Optical frequency combs (OFCs) provide a time and frequency reference of optical waves and microwaves [1,2], which are powerful techniques in modern science and technology, such as optical clocks [3–5], spectroscopy [6–8], and distance measurements [9,10]. OFCs with repetition rates of 10 GHz and higher are required for applications of coherent optical communications [11,12], arbitrary waveform generation [13–15], and calibration of astronomical spectrometers [16]. In addition, high-repetition-rate OFCs have the advantage of accessible individual comb teeth, suitable for increasing the power per comb tooth to facilitate a high signal-to-noise ratio (SNR) [17,18]. Also, a tunable repetition rate makes OFCs more flexible in different applications. For example, flexible OFCs more easily meet the different channel spacings of massive parallel optical transmission [19]. Furthermore, multi radio-frequency (RF) signals with ultralow phase noise can be achieved via tunable OFCs [20]. Traditional mode-locked femtosecond lasers have a comb spacing of less than 1 GHz owing to a limited cavity length [21–23]. By using a tightly designed cavity, a 10-GHz OFC with a spectral range of 350 THz was realized in a Ti:sapphire laser [24]. However, long-term stable Kerr-lens mode-locking is a challenge for this design. Additionally, continuous-wave-driven optical microresonators are investigated widely to provide direct octave-spanning OFCs with a repetition rate up to THz [25–27]. Frequency combs based on cavities have a disadvantage that the repetition rate is not easily tunable. Subsequently, electro-optical modulation of a continuous wave is proposed to generate flexible OFCs with a tunable repetition rate of 10–30 GHz [28–32]. Recently, octave-spanning OFCs based on this scheme have been produced, and their phase coherence control and low-noise performance have been verified [33,34]. However, cascaded optical modulators are needed to enlarge the spectral range of OFCs due to the limited RF power of the microwave source, which increases system insertion loss and complexity.

Alternatively, the cascaded four-wave mixing (FWM) effect in highly nonlinear fibers (HNLFs) seeded by two continuous waves is another approach to generate high-repetition-rate OFCs with a flexible comb spacing and simple architecture [35–37]. To effectively broaden the comb spectrum, dispersion management techniques have been extensively studied and demonstrated for narrow pulses and wideband OFC generation [38–40]. By appropriately designed optical nonlinearity and dispersion, OFCs with a spectral range of more than 300 nm have been achieved [39]. Moreover, flat OFCs with a power ripple of less than 6 dB in a 150-nm range were also demonstrated via this approach [40].

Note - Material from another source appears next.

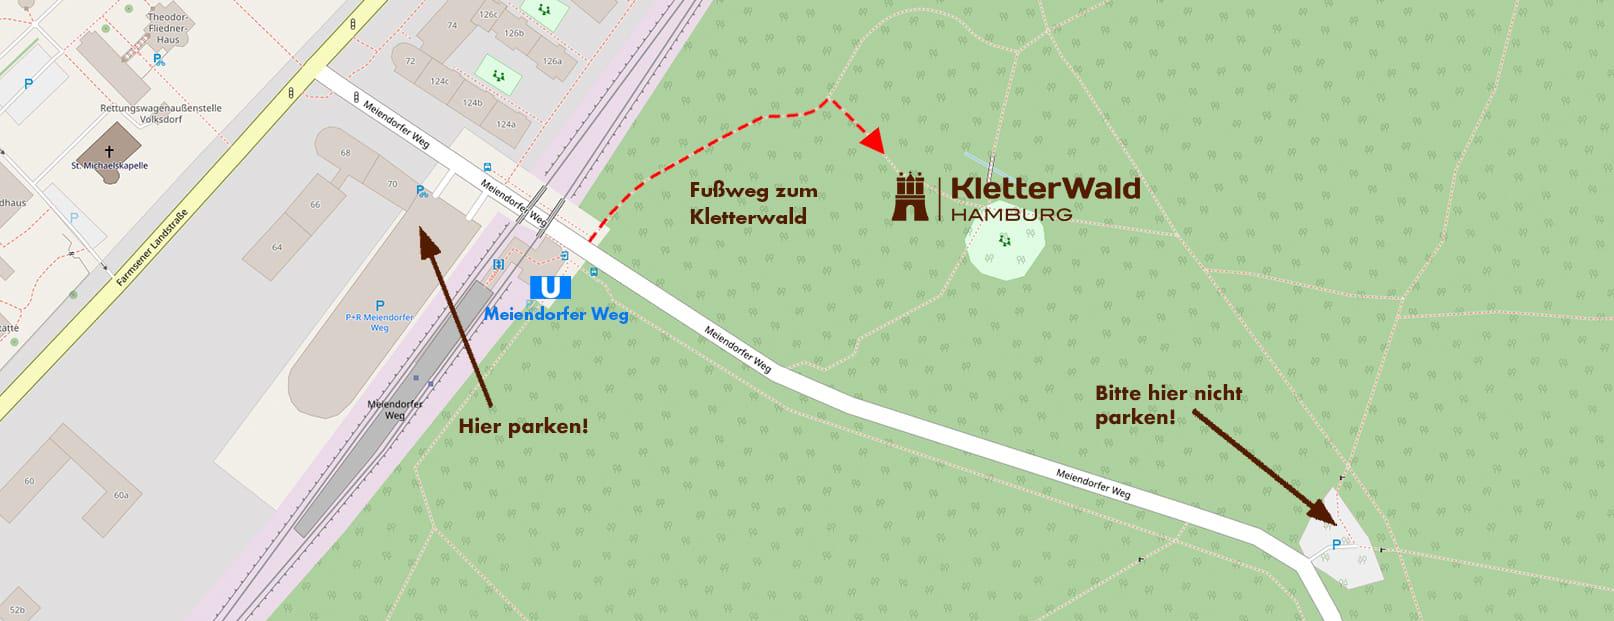 Lageplan Kletterwald

However, octave-spanning OFCs have not been realized via the FWM effect with dual pumps. This is attributed to two major challenges. First, stimulated Brillouin scattering (SBS) depletes the external pump light and limits the bandwidths of OFCs when the pump power reaches the threshold of the effect [41]. To solve this problem, a dual-wavelength Brillouin laser cavity was proposed to facilitate the Brillouin effect and enhance the FWM effect in the loop, resulting in high SNRs and narrow linewidths of comb lines [42]. Temporal cavity solitons and optical comb generation were investigated in a Brillouin laser cavity using the seeding sources of two external-cavity semiconductor lasers [43]. Furthermore, a frequency comb with a repetition rate of 76 GHz and bandwidth of 130 nm was realized using a Brillouin laser cavity with the seeding source of a dual-mode microcavity laser [44]. Second, an optical pulse at tens of GHz repetition rate has a limited pulse energy and is hard to give rise to a wideband spectrum. To obtain high peak power, an optical amplification and pulse shaping stage is crucial. Line-by-line pulse shaping is usually needed for spectral reshaping via a wave shaper, which increases cost and complexity [45].

Here, a flexible and simple approach is proposed to generate wideband OFCs by using a compact dual-mode seeding source. To the best of our knowledge, we demonstrate for the first time octave-spanning OFC generation via the FWM effect seeded by a dual-mode microcavity laser. This scheme has two advantages. First, a compact dual-mode semiconductor laser diode pumped SBS laser cavity gives rise to efficient and flexible OFC generation. The comb spacing is determined by the mode interval of the microcavity laser instead of two external discrete lasers in Refs. [35,36]. In addition, FWM efficiency is leveraged via a nonlinear fiber loop, as demonstrated in Refs. [42–44]. Second, a high-energy pulse is achieved through an optical amplifier and fiber Bragg grating (FBG) assisted pulse shaping. A complicated line-by-line shaping stage is avoided for system robustness and simplicity.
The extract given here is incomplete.